At the beginning of the summer, I questioned how I would entertain my four children for three months. I worried that I would hear, “I’m bored!” way too many times for me to keep my sanity. I love my children, I enjoy spending time with them, but I was nervous about keeping them active and happy for An Entire Summer. I figured out pretty quickly (after the first day) that I needed a daily plan. Tuesdays became Movie Day, Friday became Field Trip Friday, Monday and Thursdays we went to the gym so I could work out while the kids played at the child watch. And every afternoon we swam at the pool. Every day, unless it rained. We went places and saw things. We discovered the Overseas market with Pocky Sticks and Happy Pandas, which are delicious–and watched the Tilapia tank. We drove all over the Charlotte area on our adventures. We went to parks and played. We watched good kid movies and I Deserve an Award for Watching That movies.
There were a few moments of boredom according to my kids, but for the most part, we had fun. A lot of fun. The first week of school is coming to an end and we have so many more weeks left in the school year.

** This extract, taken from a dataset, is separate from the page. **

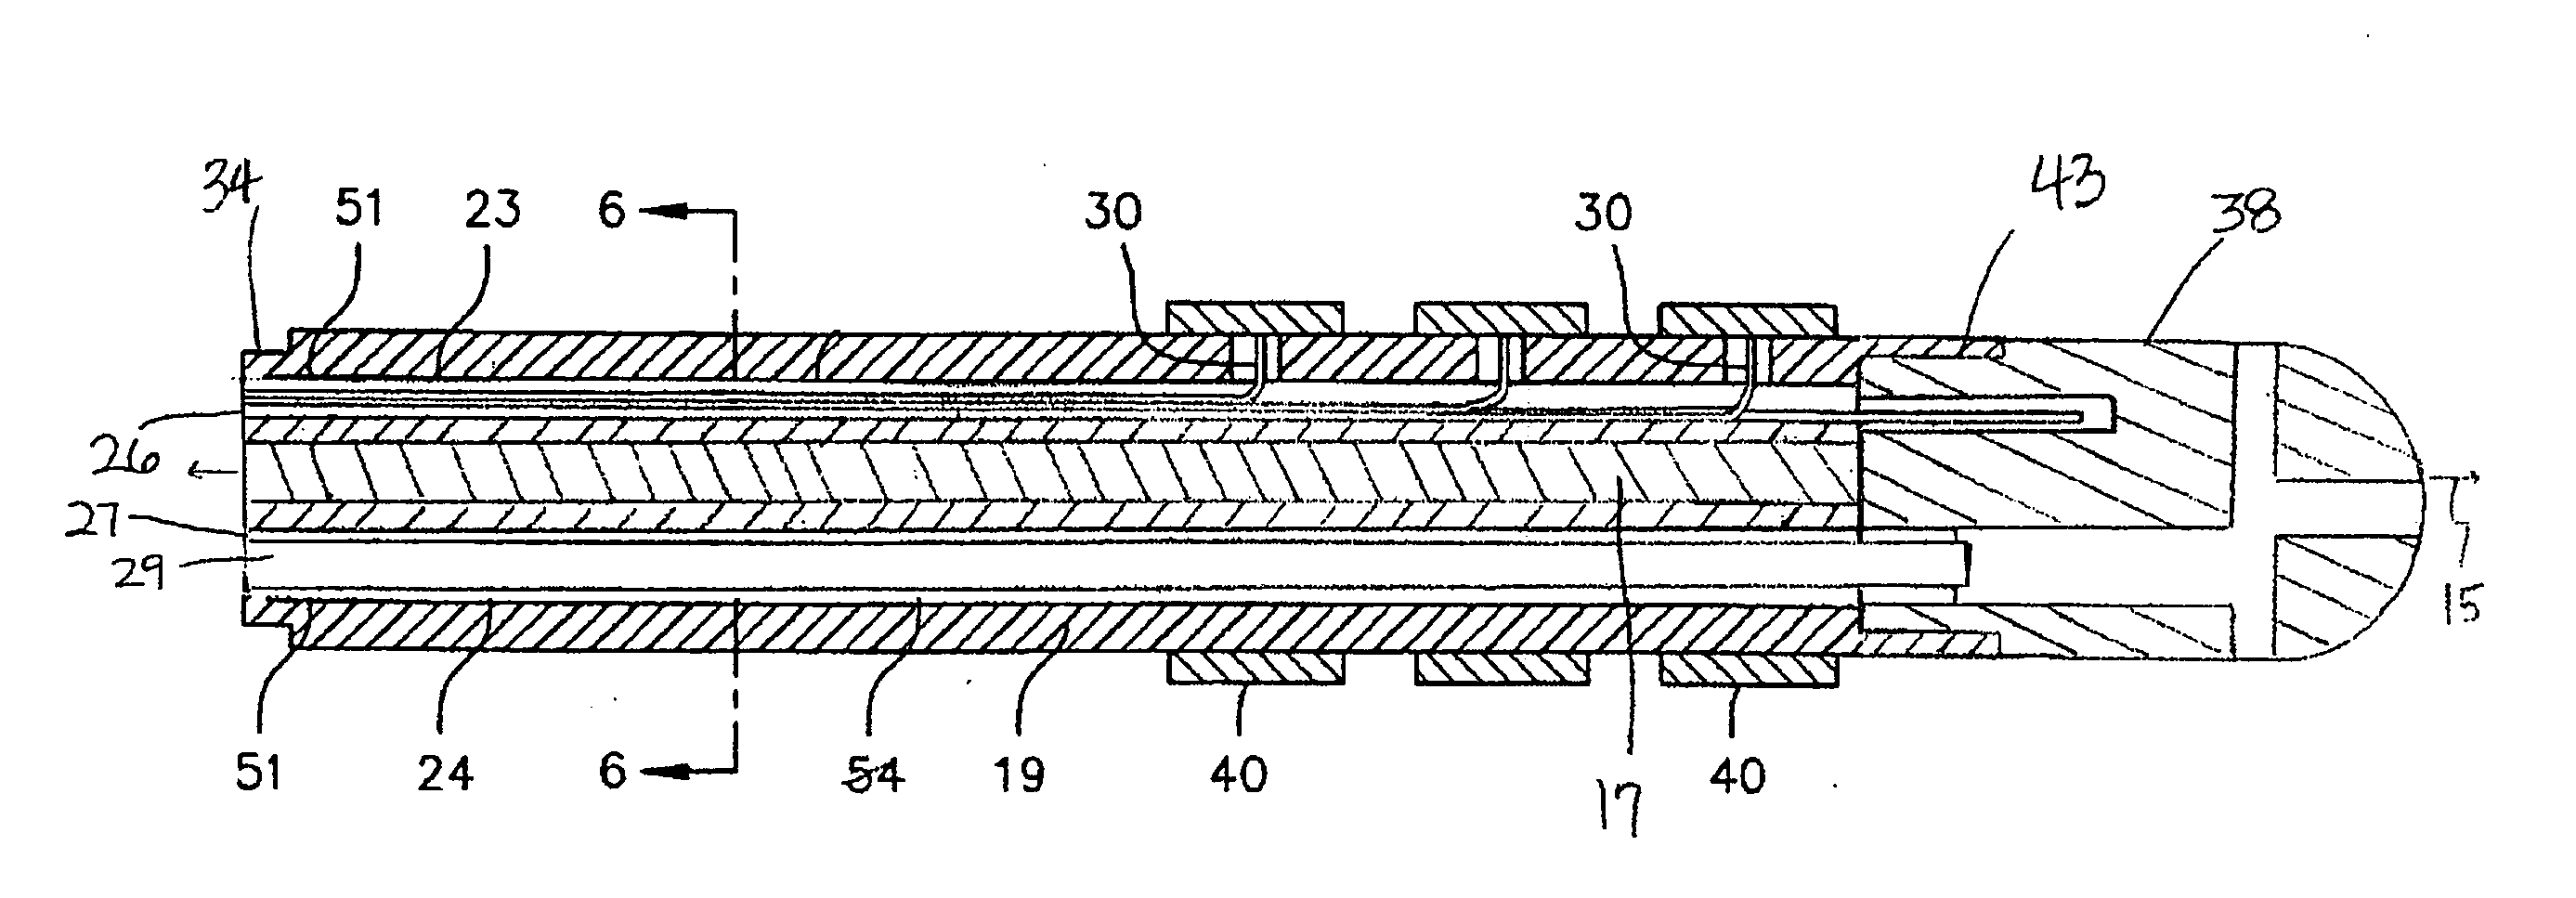 Steerable catheter with in-plane deflection
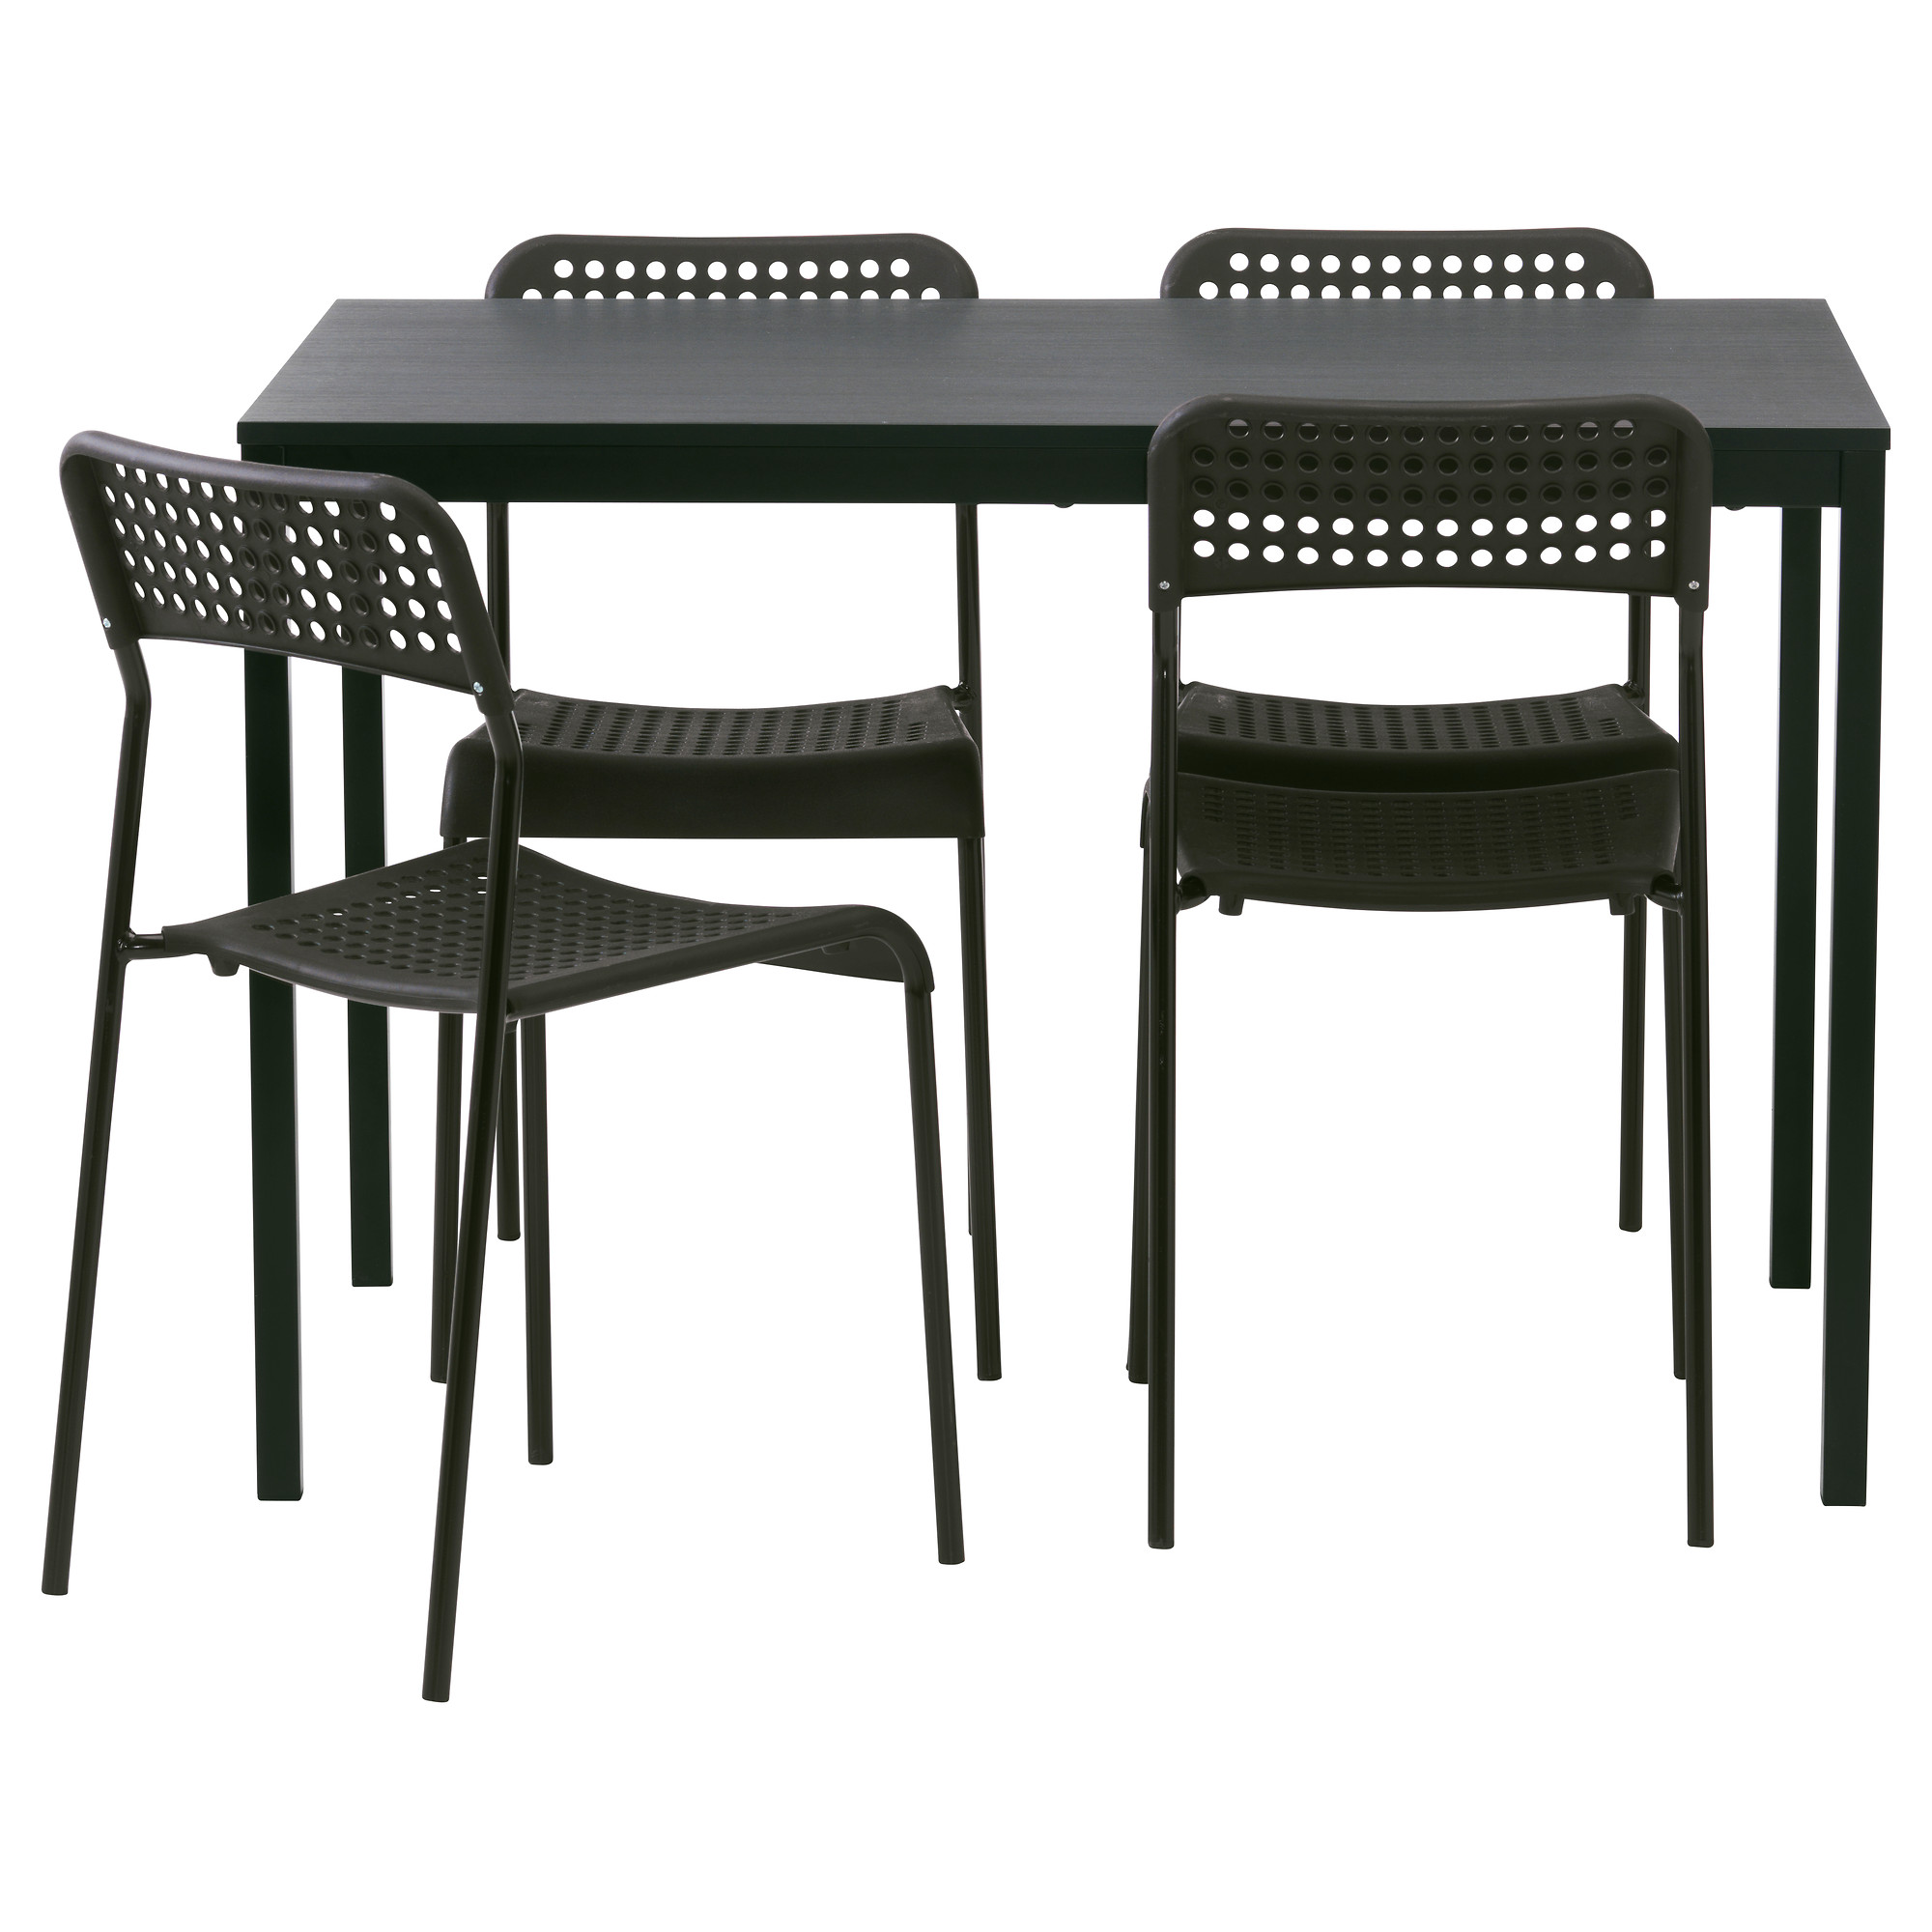  Ikea Canada Chairs Table for Large Space

I’m starting to let go of my back-to-school jitters (I get them worse than my kids do), and I’m starting to relax and enjoy time with my littlest little person. But, I still miss my kids. I wonder if their teacher has found out yet that Sam is really funny, that Julia is a great helper, and that Henry can count to 100 by tens. Are their classmates being nice to them? Are they making new friends? So many worries and so little time, I can’t help but sweat the small stuff. It’s just how I’m made. But, even with my worries, I know that I’m confident that my children know that I love them and understand them. At home, they are special. It’s all that I can control, so I try to love them well when they are with me.
Because in the morning, back to school they go. sniff.